Rectal Cancer Prognosis:
- The prognosis for rectal cancer patients treated with bevacizumab is associated with improved overall survival, with a median OS of 20.3 months in patients with metastatic colorectal cancer, including those with rectal primary.
- The addition of bevacizumab to chemotherapy resulted in significantly longer survival and higher overall response rates.
- However, the prognosis may vary depending on individual patient factors, such as age, sex, and prior treatment history. 2
From the Research
Rectal Cancer Prognosis
- The prognosis for rectal cancer patients has been studied in various clinical trials and research studies 3, 4, 5, 6, 7.
- A study published in 2017 found that a high operating volume, a specialized surgeon in colorectal surgery, a total mesorectal excision, and an adjuvant chemotherapy given within no more than 8 weeks following the curative resection can improve prognosis in rectal cancer with level I of evidence 5.
- The same study found that anastomotic leak and diabetes can worsen prognosis in rectal cancer with level I of evidence 5.
- A phase III randomized clinical trial published in 2015 found that capecitabine can be substituted for continuous infusion 5-FU in the curative setting of stage II/III rectal cancer during neoadjuvant radiation therapy, with similar outcomes for local-regional control, disease-free survival, and overall survival 6.
- The addition of oxaliplatin to capecitabine-based neoadjuvant chemoradiotherapy did not improve local-regional failure rate, disease-free survival, or overall survival, but did add considerable toxicity 6.
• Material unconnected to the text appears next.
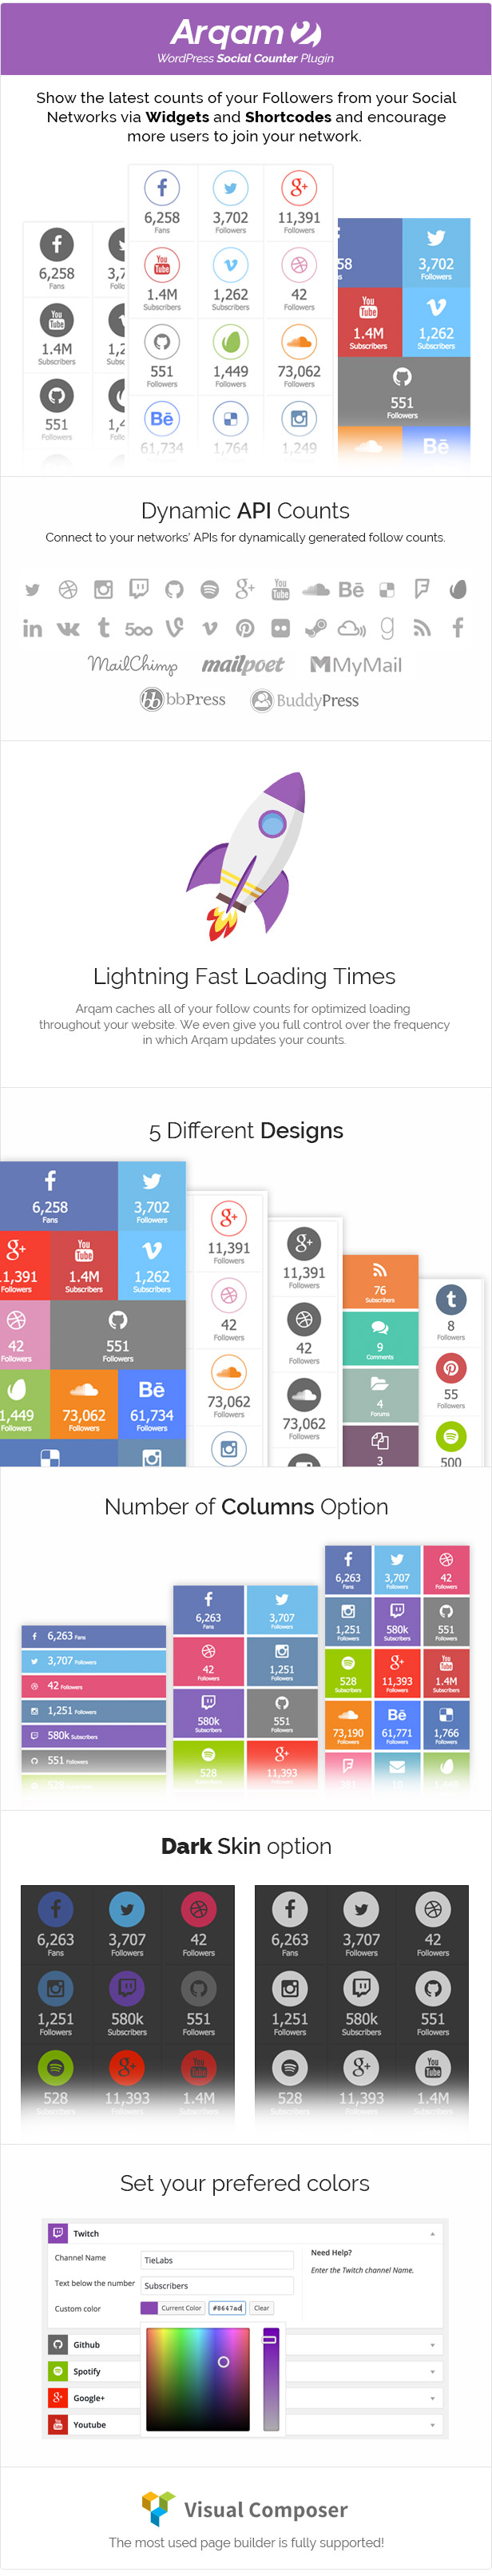 Social Counter Plugin for WordPress - Arqam 1

- A retrospective study published in 2023 found that capecitabine-based neoadjuvant chemoradiotherapy provides high rates of survival and sphincter preservation with acceptable toxicity, and that ypTNM stage was significantly associated with disease-free survival, while positive mesorectal fasciae status on magnetic resonance imaging and ypTNM stage were significantly related to overall survival 7.
Prognostic Factors
- The main prognostic factors found in literature that surgeons can act on include:
- Neoadjuvant treatment
- High operating volume of the surgeon
- High tie of the inferior mesenteric artery
- Mesorectal excision
- RO resection
- Improvement of the techniques of intersphincteric resection and techniques of anastomosis
- Adjuvant chemotherapy within less than 8 weeks when appropriate 5
- Other prognostic factors include:
- ypTNM stage
- Positive mesorectal fasciae status on magnetic resonance imaging
- Distant metastasis 7
Treatment Outcomes
- The overall 5-year survival rate for rectal cancer patients is around 53% for all stages 5.
- A study published in 2023 found that the 3-year disease-free survival and 3-year overall survival rates for patients treated with capecitabine-based neoadjuvant chemoradiotherapy were 74.4% and 83.2%, respectively 7.
- The pathological complete response rate for patients treated with capecitabine-based neoadjuvant chemoradiotherapy was 19.8% 7.